Databricks Integration

Fire Insights integrates with Databricks. It submits jobs to the Databricks clusters using the REST API of Databricks and have the results displayed back in Fire Insights.

Fire also fetches the list of Databases and Tables from Databricks, making it easier for the user to build their workflows and execute them. In addition fire displays the list of Databricks clusters running for the user.

Databricks can be running on Azure or on AWS.

Deployment

Install Fire Insights on any machine. The machine has to be reachable from the web via a public IP or DNS entry. Then connect Fire Insights to your Databricks Cluster

Upload Fire Core Jar to Databricks

Fire Insights jar has to be uploaded to Databricks. Fire Insights jobs running on Databricks make use of this jar file.

Upload fire-x.y.z/fire-core-lib/fire-spark_2_3-core-3.1.0-jar-with-dependencies.jar to Databricks. Upload it under Workspace as a Library on to Databricks.

Login to Databricks Cluster

Click on workspace in the left side pane

Databricks

Upload fire-spark_2_3-core-3.1.0-jar-with-dependencies.jar from localmachine on Clicking on Drop JAR here

Databricks

Once fire-spark_2_3-core-3.1.0-jar-with-dependencies.jar uploaded, Click on Create

Databricks
  • Check the box with Install automatically on all clusters, Inorder to avoid uploading manually to every cluster.
Databricks

Configure the Uploaded Library in Fire Insights

Configure the path of the uploaded fire core jar library in Databricks in Fire Insights.

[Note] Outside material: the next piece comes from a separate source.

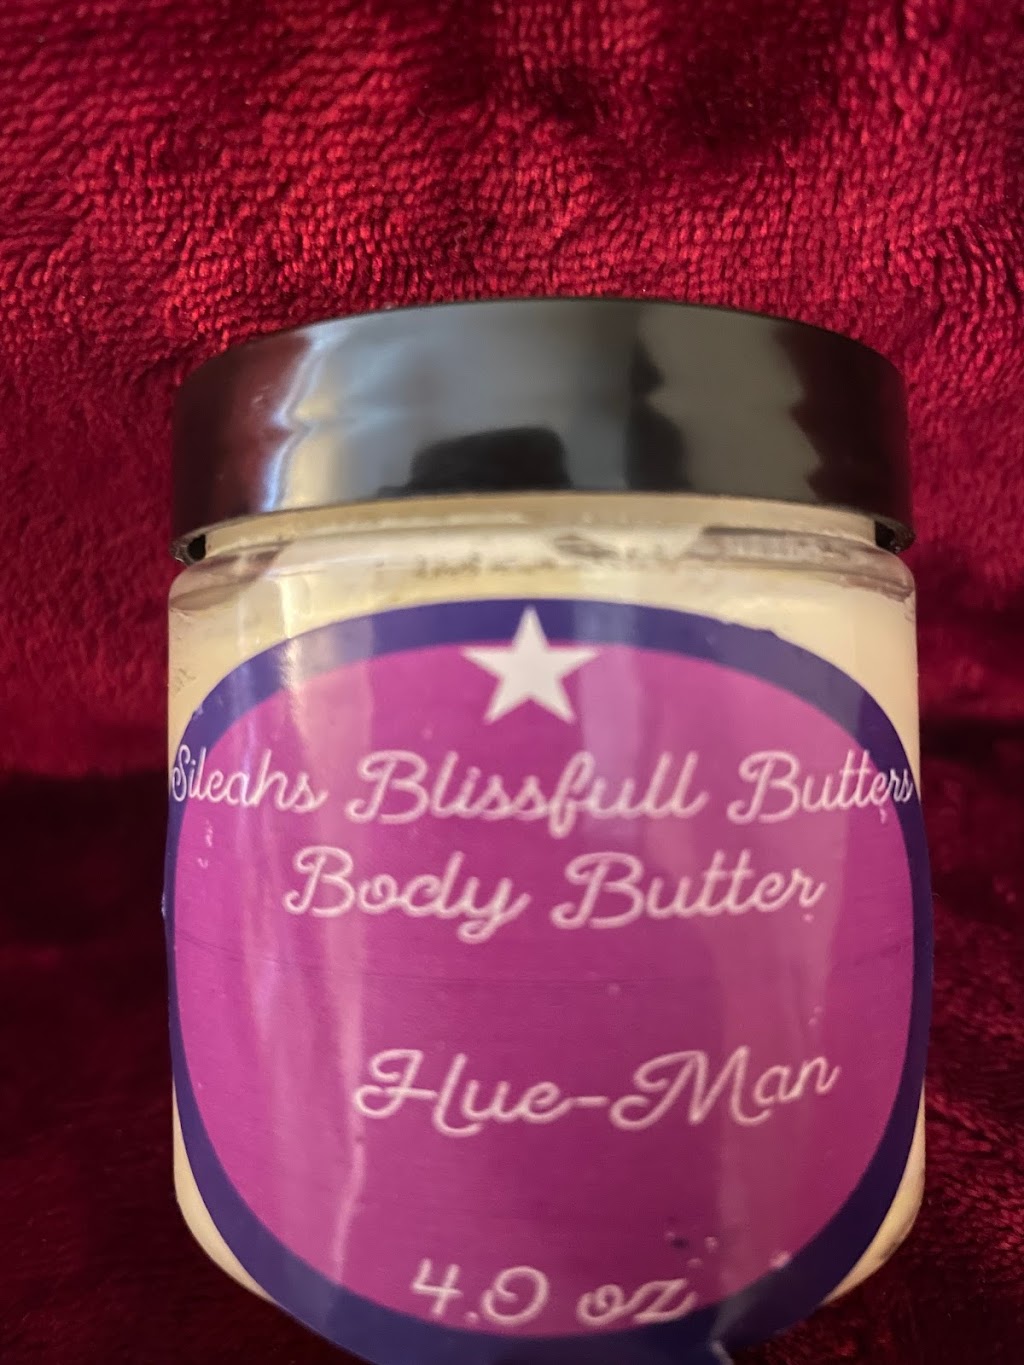 (SBB) Sileahs Blissfull Butters LLc. | 147 Norway Ave, Staten Island, NY 10305 | Phone: (347) 238-0763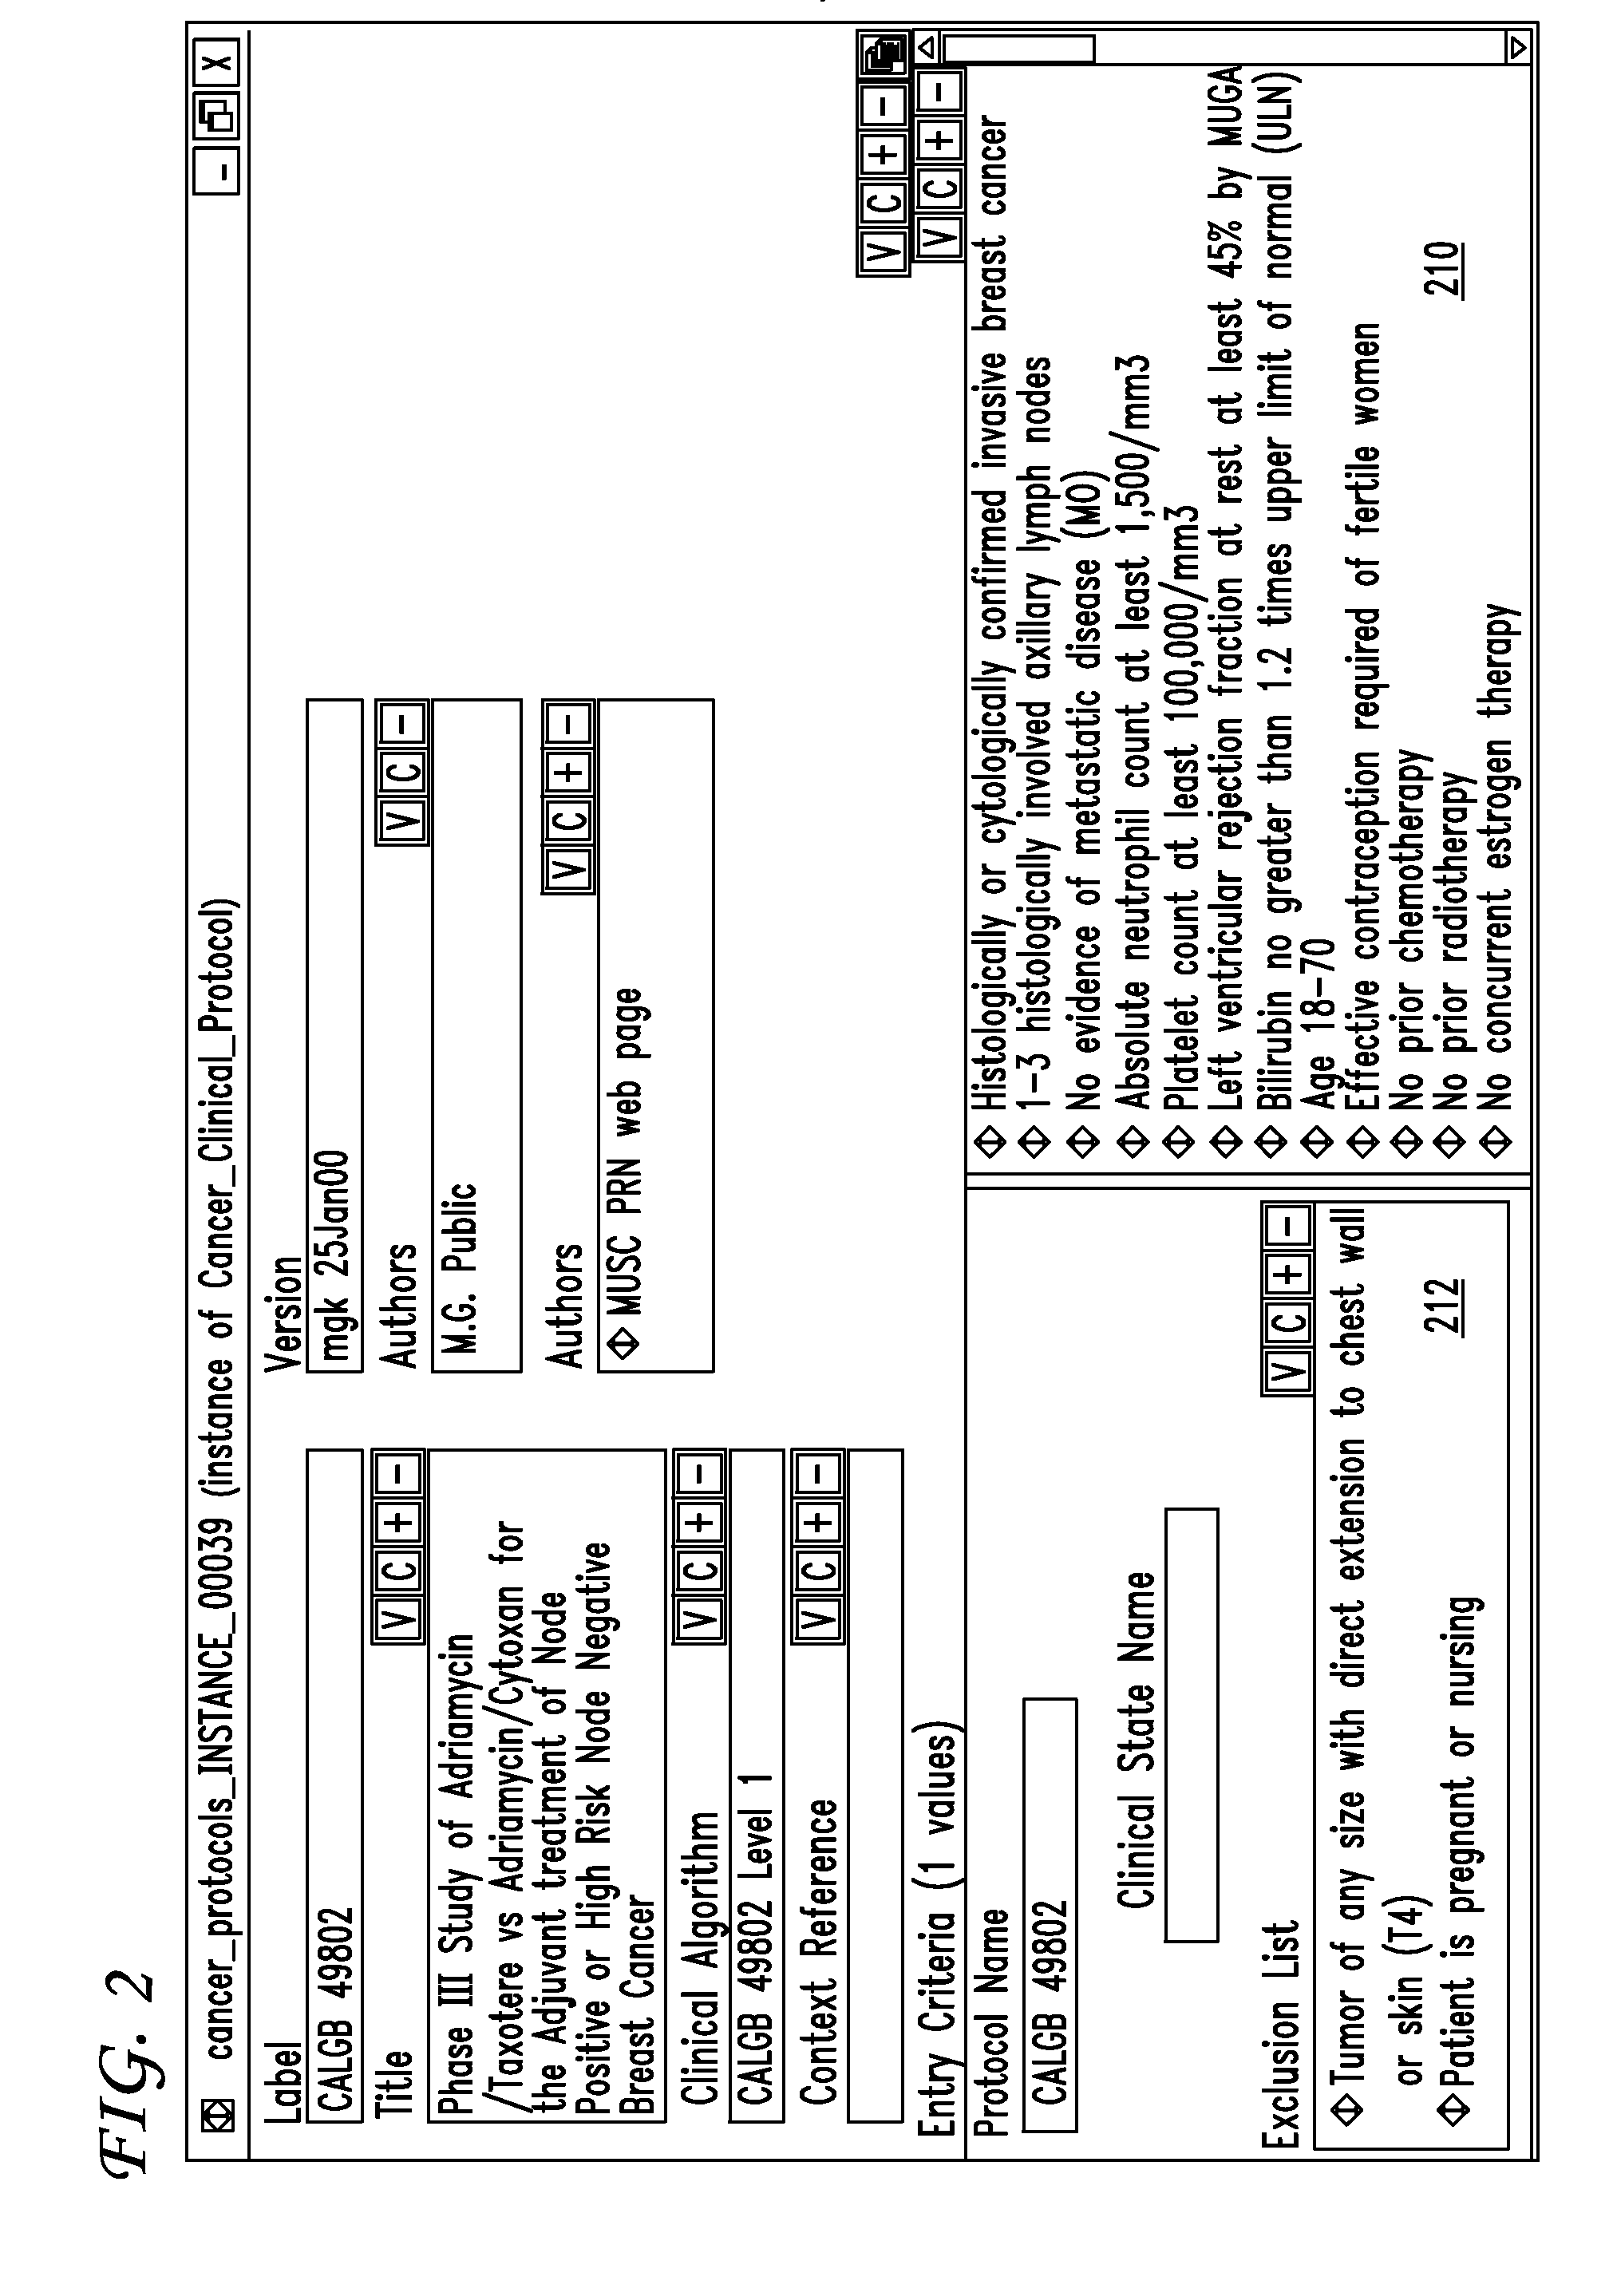 Clinical trials management system and method

This has to be done under Administration/Configuration.

Databricks

Configure app.postMessageURL

Configure app.postMessageURL to be the public IP of the machine. It has to be accessible from the Databricks Cluster.

Databricks

Install Databricks JDBC Driver

Fire needs the Databricks JDBC Driver to be installed. Install it in the fire-user-lib folder of the Fire installation.

You can download the Databricks JDBC Driver from the Databricks site :

The driver is available as a zip file. eg: SimbaSparkJDBC-2.6.3.1003.zip

  • Unzip the downloaded file. It will create a directory like SimbaSparkJDBC-2.6.3.1003
  • Copy the jdbc jar file named SparkJDBC4.jar into fire-x.y.z/fire-user-lib and fire-x.y.z/fire-server-lib

Create your REST API token in Databricks

Create your token in Databricks. It would be used in making REST API calls to Databricks from Fire Insights.

Login to your Databricks Account

Click on Account icon in right corner top

Databricks

Click on User Settings

Databricks

Click on Generate New Token

Databricks

Add comment & Lifetime(days) for token expiry & Click on Generate

Databricks

Copy the token generated and Click on DONE

Databricks

Create Databricks Connection

Create a connection in Fire Insights under your Application for connecting to Databricks.

  • Specify your Databricks Token.
  • Specify the Databricks JDBC URL of your cluster in Databricks.
Databricks

Now we are ready to start using the Databricks Connection in workflows etc.